Parenting the Avid Gamer
July 9, 2009
Video games. There’s just no escaping them. Your kids love them. When they talk about their favorite game, it’s like hearing a foreign language being spoken. Their free hours are spent playing. You have the nagging feeling that they should be outside, exercising and socializing with friends, enjoying summer, learning hand-eye coordination while tossing a ball. Instead, they’re holed up in their room playing video games.
Before declaring war against these electronic games, which will instantly demote you to the “bad guy” in your house, there are some surprising things which you should consider.
There are reasons these games are so much fun to play. Gaming is a uniquely human trait. We seek out forms of challenging entertainment, things which engage the mind, present goals and challenges, for no purpose other than fun. That doesn’t mean that a lot of learning doesn’t occur while having that fun. This is especially true if the games involve other players. There is emerging research that suggests that playing video games creates a sense of empowerment and confidence in one’s self. They teach quick decision making. And they teach consequence (make the wrong choice, you lose). Forget the scary and sensationalized articles you occasionally stumble upon relating how society’s woes can be traced directly to video games. They are merely inanimate things that come to life only when someone has taken control of the keyboard or game console. It’s true that some persons, for many complex reasons, take the games too seriously and too far. But it is likely that those persons are suffering from other issues, and would likely display similar behaviors in other pursuits if gaming was not available to them.
There’s a reason ESRB Ratings were established. You, the parent, determine what movies are appropriate for your kids to see. Apply the same approach when choosing games your kids can play. If you feel your child is not mature enough to handle the content, don’t buy it and explain to them why you think they’re not ready for such a game. Like movie products, games carry a rating that alerts parents to the level of violence and other mature content in the game and suggests appropriate age groups.
Set a reasonable maximum play time per day. It’s unrealistic to expect that your child will be satisfied with just 30 minutes of gaming. But it would be equally bad to allow him to spend too many hours playing nonstop. Take time to discuss what would be a fair duration that would allow him to enjoy the game but not cause him to neglect his other responsibilities. You’ll find that children learn well in life when they know their limits!
Explain the importance of moderation and balance in all activities. Moms and dads sometimes forget to explain every firm decision they make; “Because I say so” isn’t going to pass muster with your (ever more educated) kid. Children need to know the why’s and how’s and it’s the parent who have the responsibility to help them understand.
Play with them. Seriously, take a turn. Enjoy an hour playing with those closest to you. Not only will your children think you are the coolest parent on the planet, you may come to understand why they love the game so much. At the very least, you will better understand what tickles you child’s fancy and have firsthand knowledge about their favorite hobby. You might even learn a bit of the game lingo, which you can trot out during dinner discussions to make a point that actually gets heard. And if you happen to try one of the online games that are currently all the rage, like Blizzard’s World of Warcraft, don’t be surprised if you find yourself sneaking turns while the children are out.

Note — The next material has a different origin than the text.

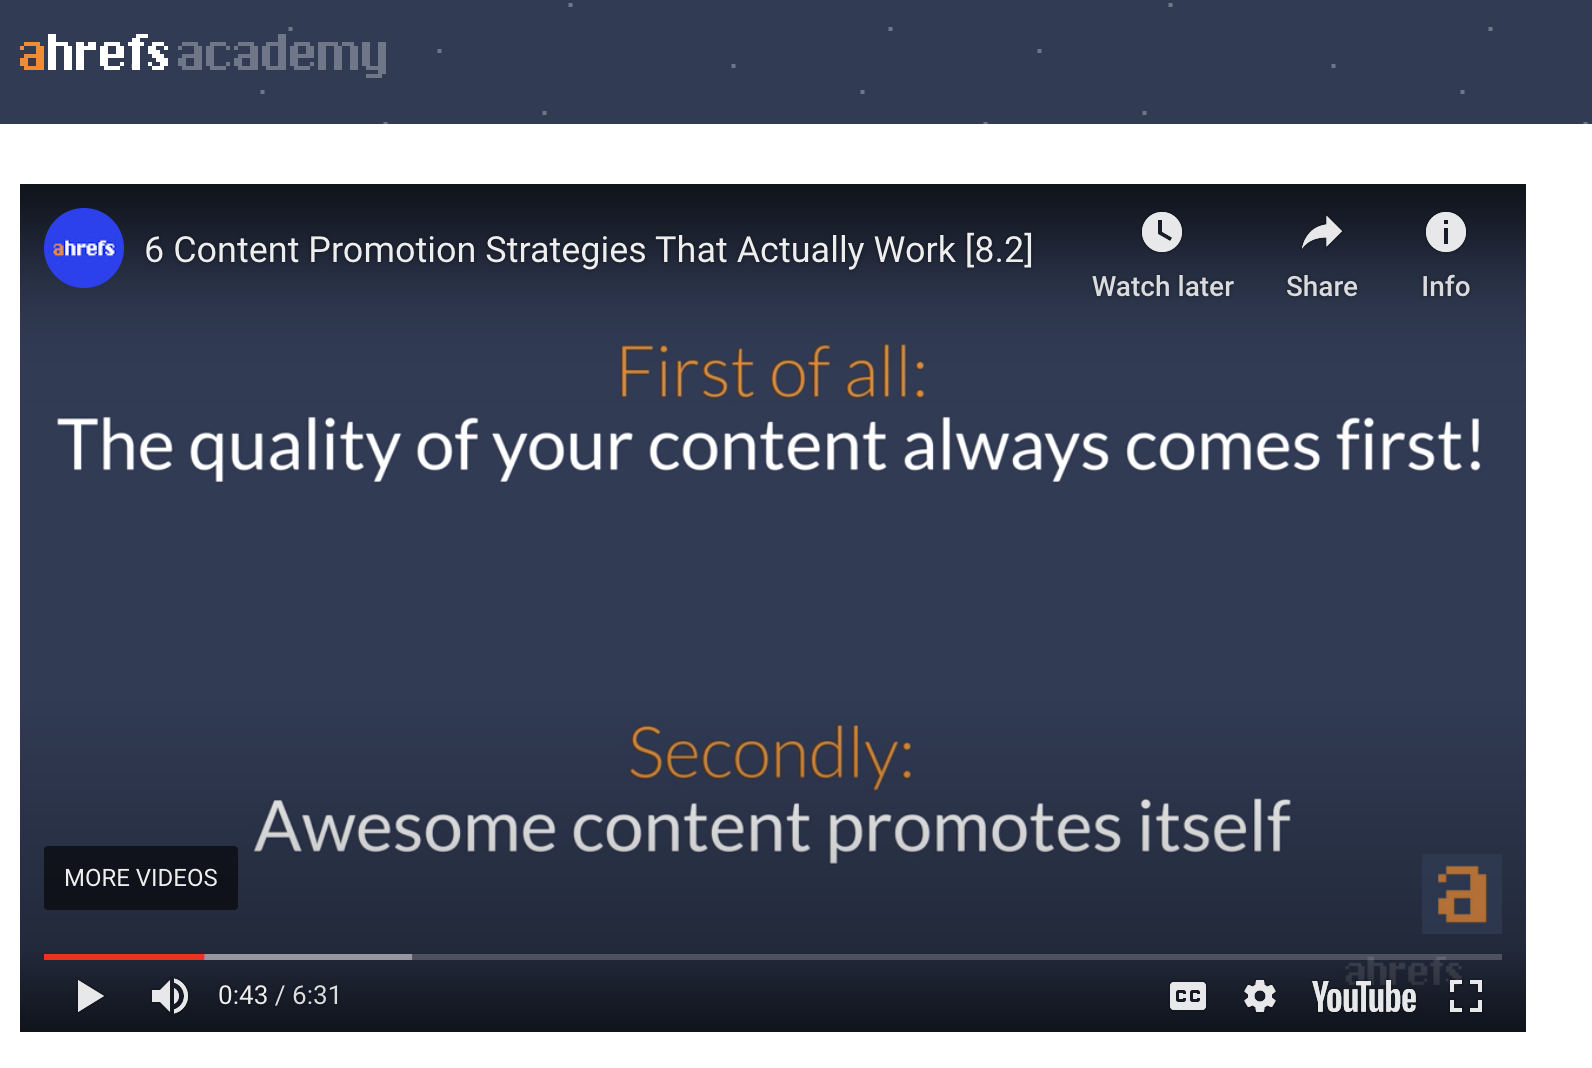 ahrefs academy content marketing course promotion

Video gaming has grown up. The look and feel of today’s games bears little resemblance to the stick figures and simple graphics introduced in the late 70’s. They incorporate DVD quality video and audio. And the plots are as good as any New York Times best seller. Gone are the days when video game players were 90% male and under the age of 14. Many of today’s online games have announced their user demographics; about 35% are female and around 50% of players are older than 25 years of age…with many in their 30’s, 40’s and even older. And they have spawned a number of ancillary services and industries; gaming consoles, flight rudders for the pilot enthusiast, musical controllers like guitars that interface with games, as well as an entire industry where gamers buy and sell in-game items for real money. If you don’t believe it, Google the term “wow gold”. You will see hundreds of companies selling virtual money. As this article is being written, 1000g in the game World of Warcraft has a real world value of about ten US dollars. EpicToon.com, one of the premier selling sites, confirms that it is not uncommon for players to spend hundreds and even thousands of dollars on virtual currency, which they use to purchase assets in the game; items like mounts for riding, weapons, armor, crafting supplies, etc.
Be a hero in your children’s lives, just as they are virtual heroes in the video games they play daily.